Example 1: y is directly proportional to x (table)

Given that $y$ is directly proportional to $x,$ calculate the value for $y$ when $x=6.$

Write down the direct proportion formula.

As $y \propto x$ we can state the formula $y=kx.$

2Determine the value of $\textbf{k}$ .

From the table, we can see that when $x=2, y=5.$ By substituting these values into the formula, we get the value of $k.$

\begin{aligned} 5&=k\times{2}\\\\ k&=5\div{2}\\\\ k&=2.5 \end{aligned}

3Substitute $\textbf{k}$ and the known value into the direct proportion formula.

Substituting $k=2.5$ into the formula, we have:

y=2.5x

To find the value for $y$ when $x=6,$ substituting $x=6$ into the equation, we have

y=2.5\times{6}

4Solve the equation.

\begin{aligned} y&=2.5\times{6}\\\\ y&=15 \end{aligned}

Example 2: y is directly proportional to x (table)

Let $y\propto{x}.$ Calculate the value for $x$ when $y=32.$

Write down the direct proportion formula.

As $y\propto{x},$ we can state the formula $y=kx.$

Determine the value of $\textbf{k}$ .

The constant of proportionality cannot be calculated at the point $(0,0)$ as by substituting this into the formula, we have $k=0 \div 0$ which is not mathematically possible as we cannot divide by $0.$

We therefore have to use the other coordinate $(5,8)$ and substitute these values into $y=kx$ to calculate $k.$

When $x=5$ and $y=8,$

$\begin{aligned} 8&=k\times{5}\\\\ k&=8\div{5}\\\\ k&=1.6 \end{aligned}$

Substitute $\textbf{k}$ and the known value into the direct proportion formula.

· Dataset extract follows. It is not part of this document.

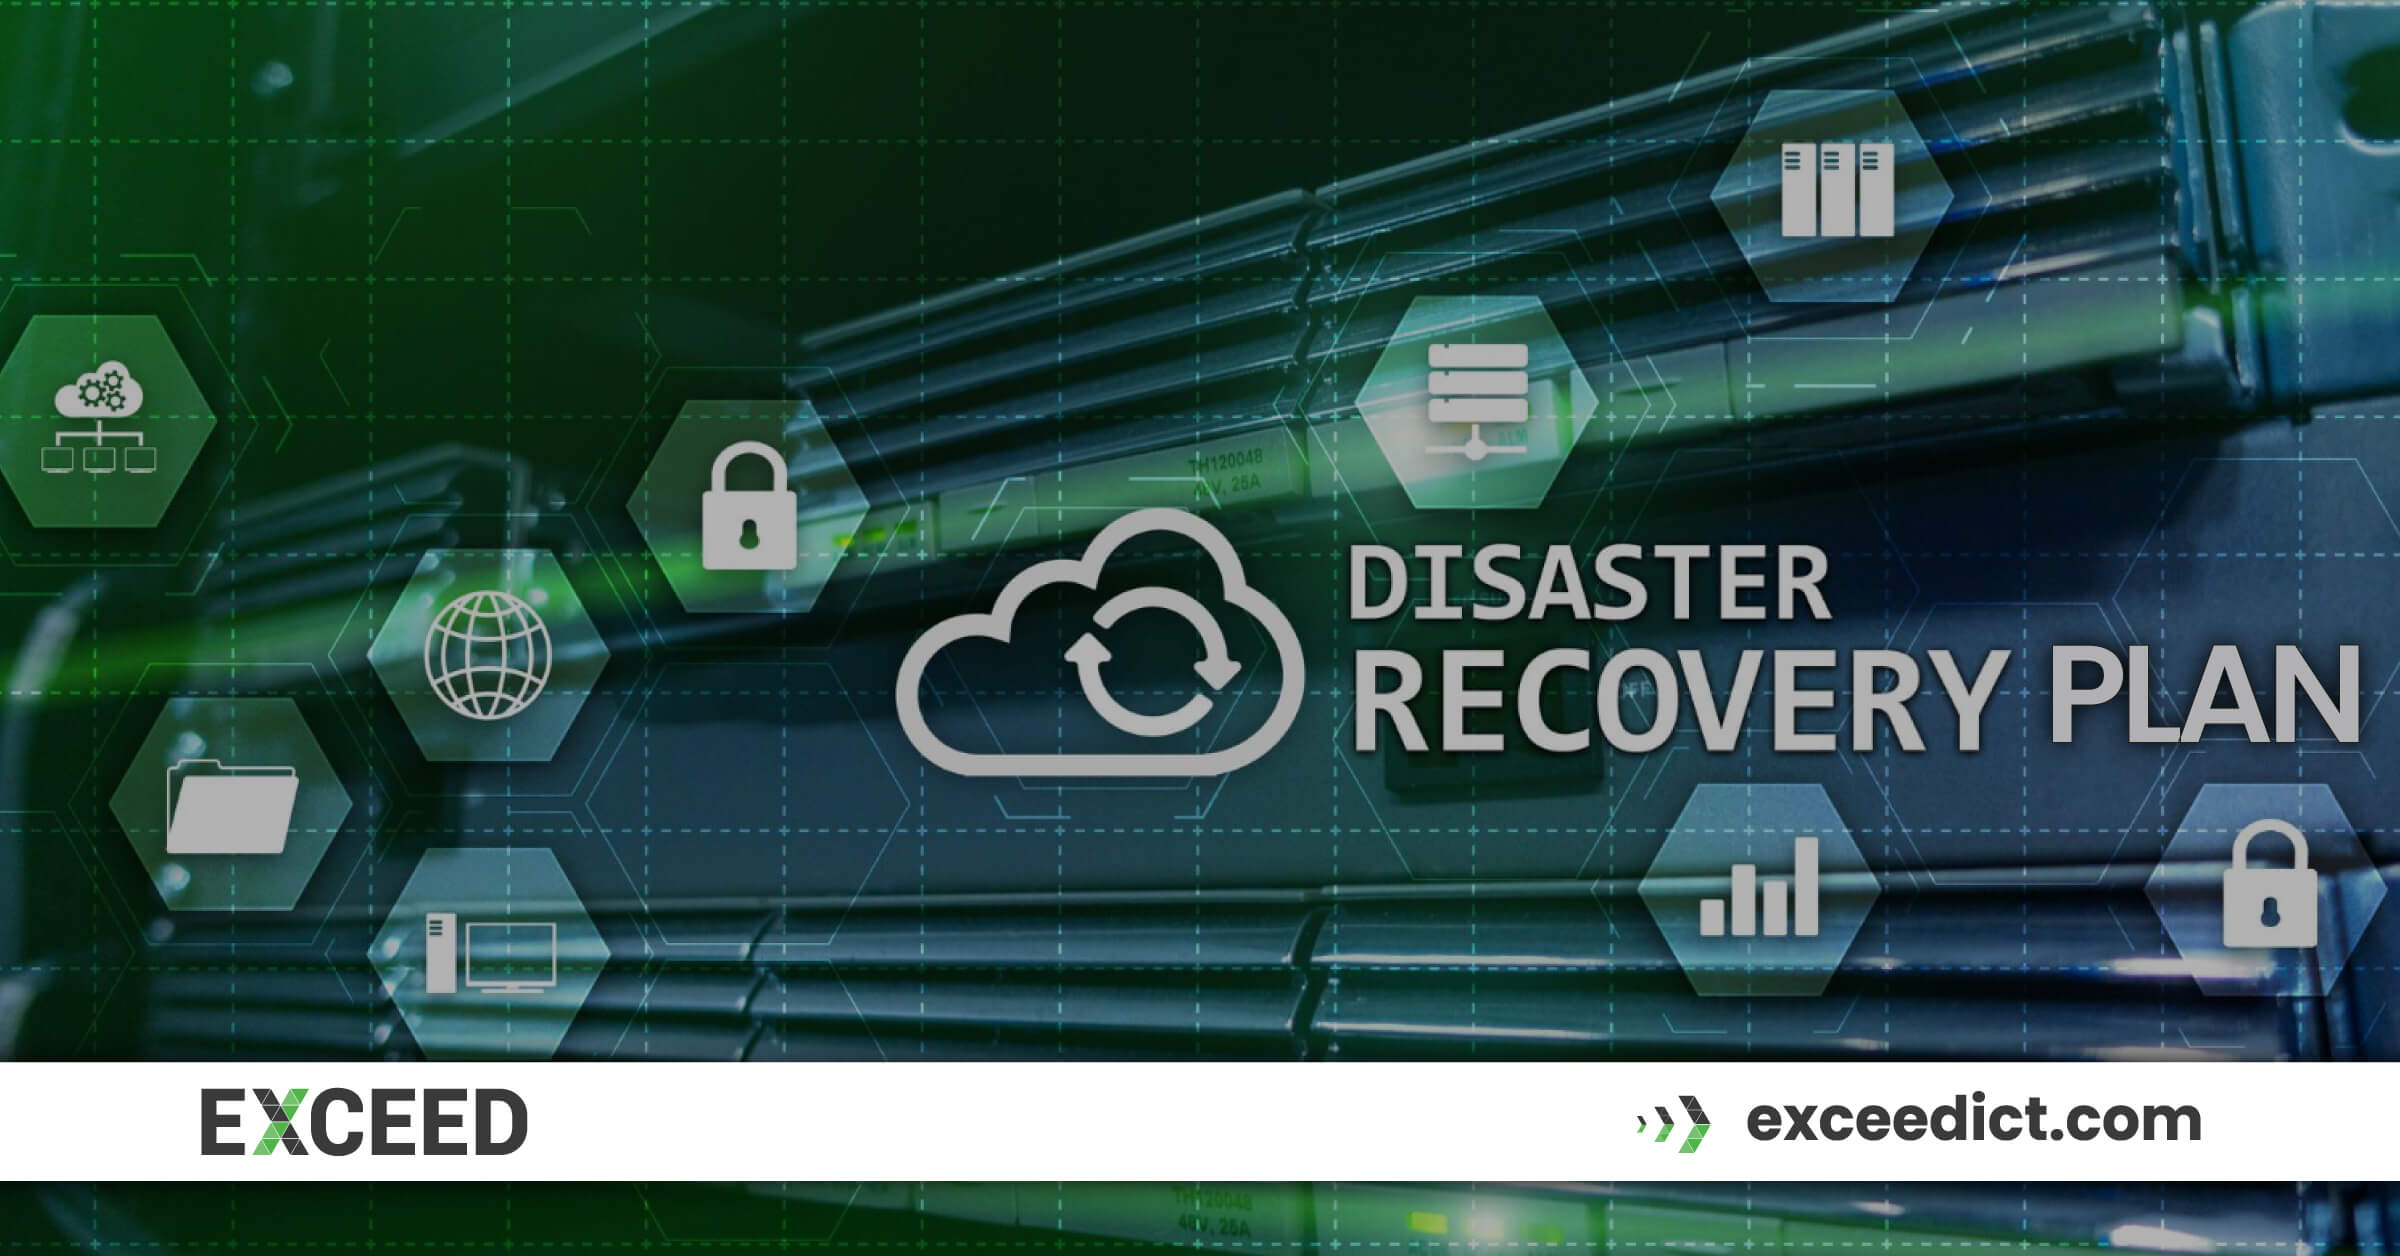 10 steps for optimal IT disaster recovery plan design

We now have $y=1.6x$ . Substituting $y=32$ into the equation, we can calculate the value for $x:$

$32=1.6 \times x$

Solve the equation.

\begin{aligned} 32&=1.6\times{x}\\\\ 32&=x\times{1.6}\\\\ 32\div{1.6}&=x\\\\ x&=20 \end{aligned}

Example 3: y is directly proportional to x² (table)

Let $y$ be directly proportional to $x^2.$ Calculate the missing value $p.$

Write down the direct proportion formula.

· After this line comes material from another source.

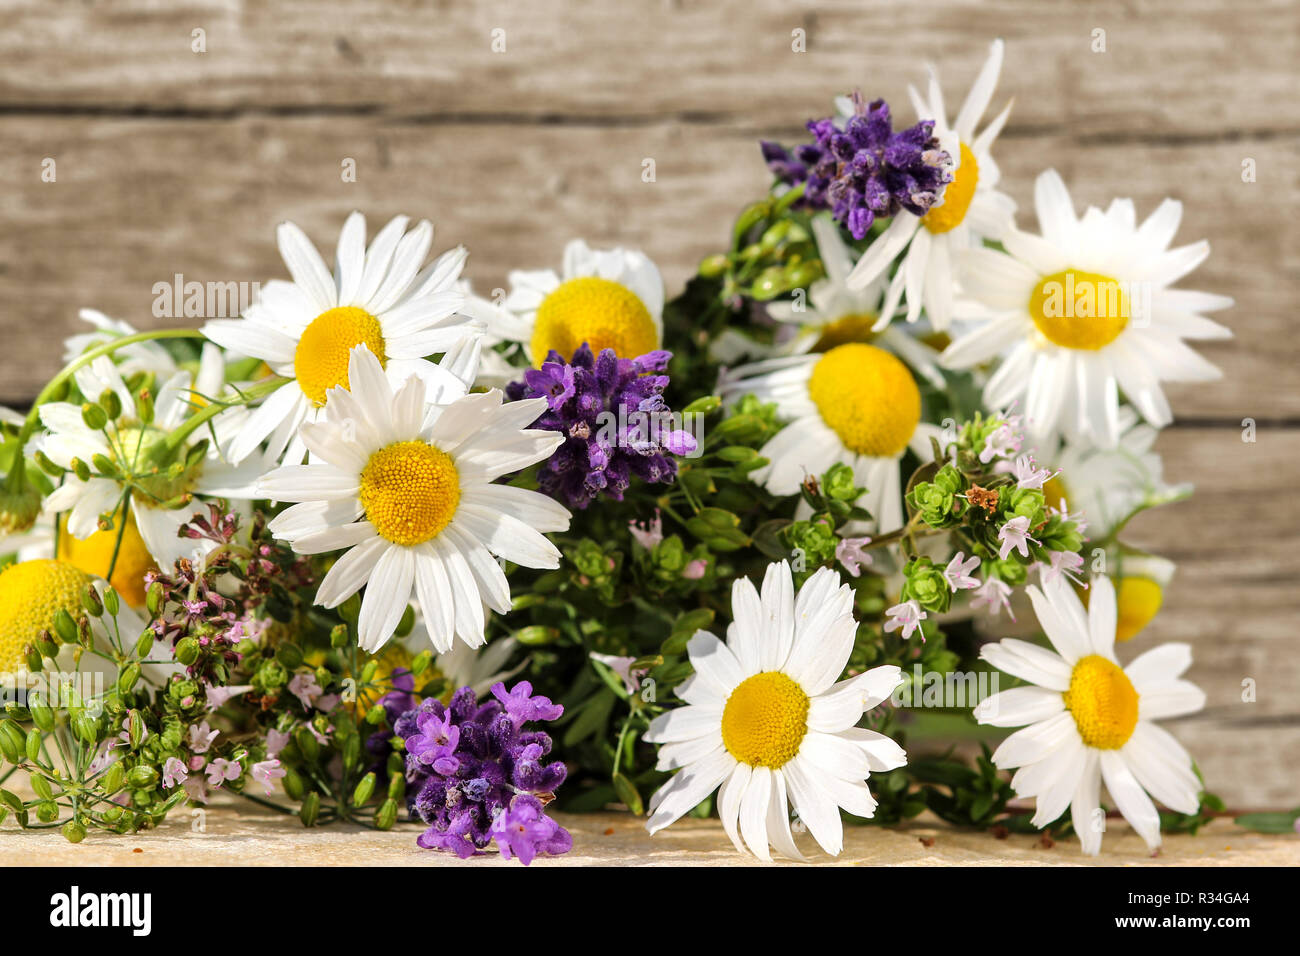 homeopathy with herbs and medicinal plants Stock Photo

We are now given the relationship that $y\propto{x}^{2}.$ This means that the constant of proportionality $k=y\div{x}^{2}.$ Rearranging this formula by multiplying both sides by $x^{2},$ we get:

$y=kx^{2}$

Determine the value of $\textbf{k}$ .

We can use either of the two coordinates $(2,12)$ or $(3,27)$ to find $k$ as we know the values for $x$ and $y$ for each point.

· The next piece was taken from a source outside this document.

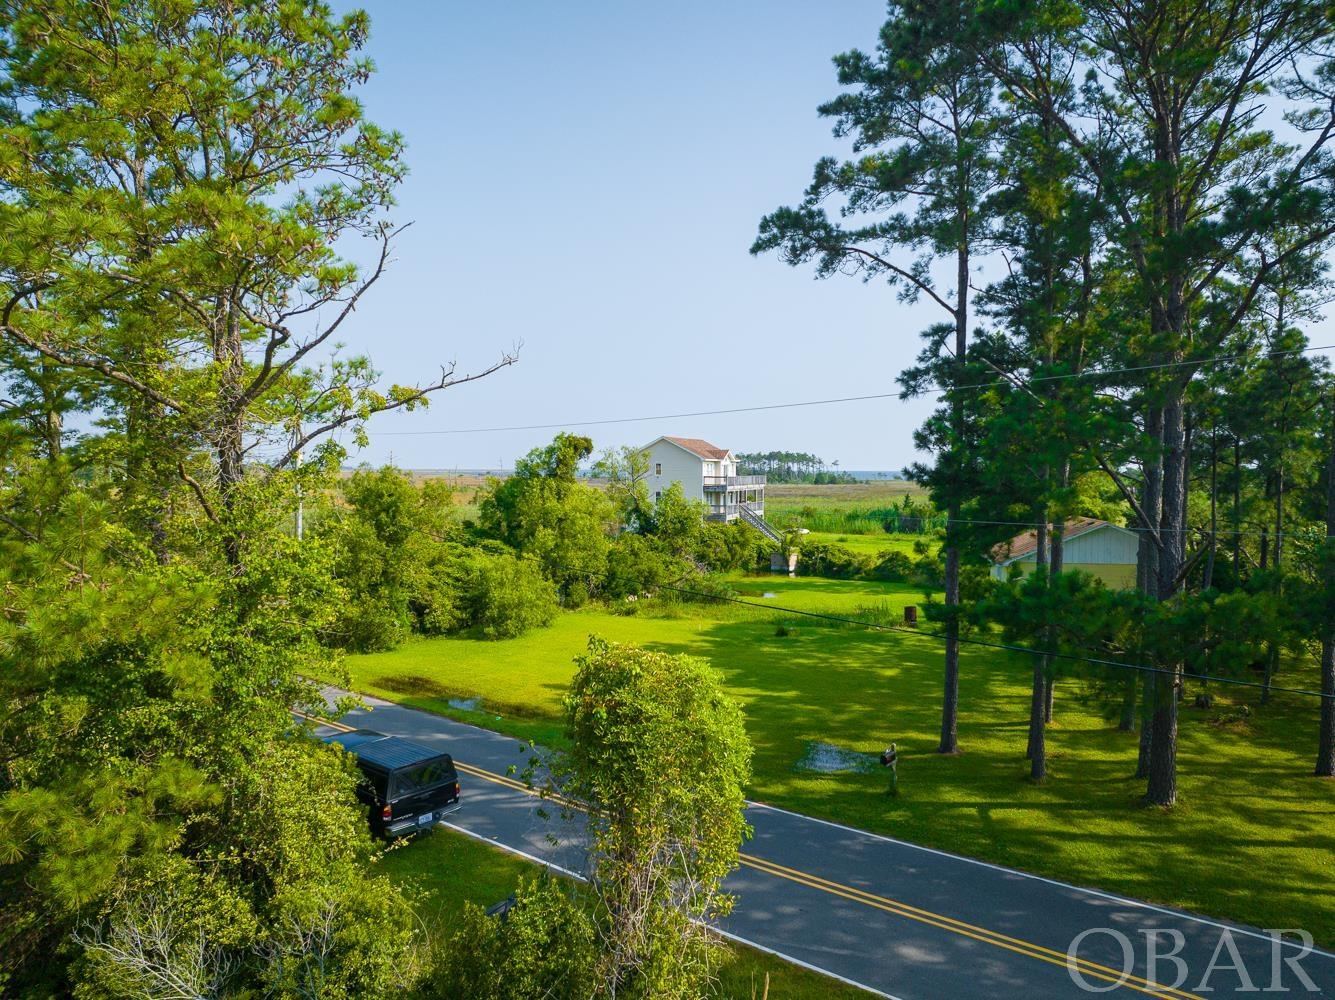 17 Mashoes Road, Manns Harbor, NC 27953, 2 Bedrooms Bedrooms, ,2 BathroomsBathrooms,Residential,For sale,Mashoes Road,122668

Substituting $(2,12)$ into $y=kx^2,$ we have

$\begin{aligned} 12&=k \times 2^2 \\\\ 12&=k \times 4 \\\\ 12 \div 4 &=k \\\\ k&=3 \end{aligned}$

Substitute $\textbf{k}$ and the known value into the direct proportion formula.

As $k=3,$ the direct proportion formula can be written as $y=3x^{2}.$

When $x=4$ and $y=p$ , we have

$p=3\times{4}^{2}$

Solve the equation.

\begin{aligned} p&=3\times{16}\\\\ p&=48 \end{aligned}

Example 4: y is directly proportional to x (worded problem)

A florist uses ribbon to trim bunches of flowers.

$80 \ cm$ of ribbon is needed to make the trimmings on $2$ bunches of flowers.

The florist has $9$ bunches of flowers to trim today.

How much ribbon will be needed?

Write down the direct proportion formula.

As each bunch of flowers requires a specific length of ribbon, the length of ribbon required $(r)$ is directly proportional to the number of bunches of flowers $(b).$

Writing this relationship between $r$ and $b,$ we have $r \propto b.$

This means our direct proportion formula is $r=kb$ where $k$ represents the constant of proportionality.

Determine the value of $\textbf{k}$ .

We currently know that $80cm$ of ribbon is needed to trim $2$ bunches of flowers. This means that when $r=80, \ b=2.$ Substituting these values into the above formula, we have:

$\begin{aligned} 80&=k\times{2}\\k&=80 \div 2\\k&=40 \end{aligned}$

Substitute $\textbf{k}$ and the known value into the direct proportion formula.

Now, $r=40b.$ As we need to find out how much ribbon is needed for $9$ bunches of flowers, we substitute $b=9$ into the formula to get:

$r=40\times{9}$

Solve the equation.

\begin{aligned} r&=40\times{9}\\\\ r&=360\text{cm} \end{aligned}

Example 5: y is directly proportional to x² (worded problem)

The surface area $A$ of a cube is directly proportional to the square of the side length $L.$ A cube with side length $3cm$ has a surface area of $54cm^{2}.$

Determine the side length of a cube with a surface area of $600cm^{2}.$

Write down the direct proportion formula.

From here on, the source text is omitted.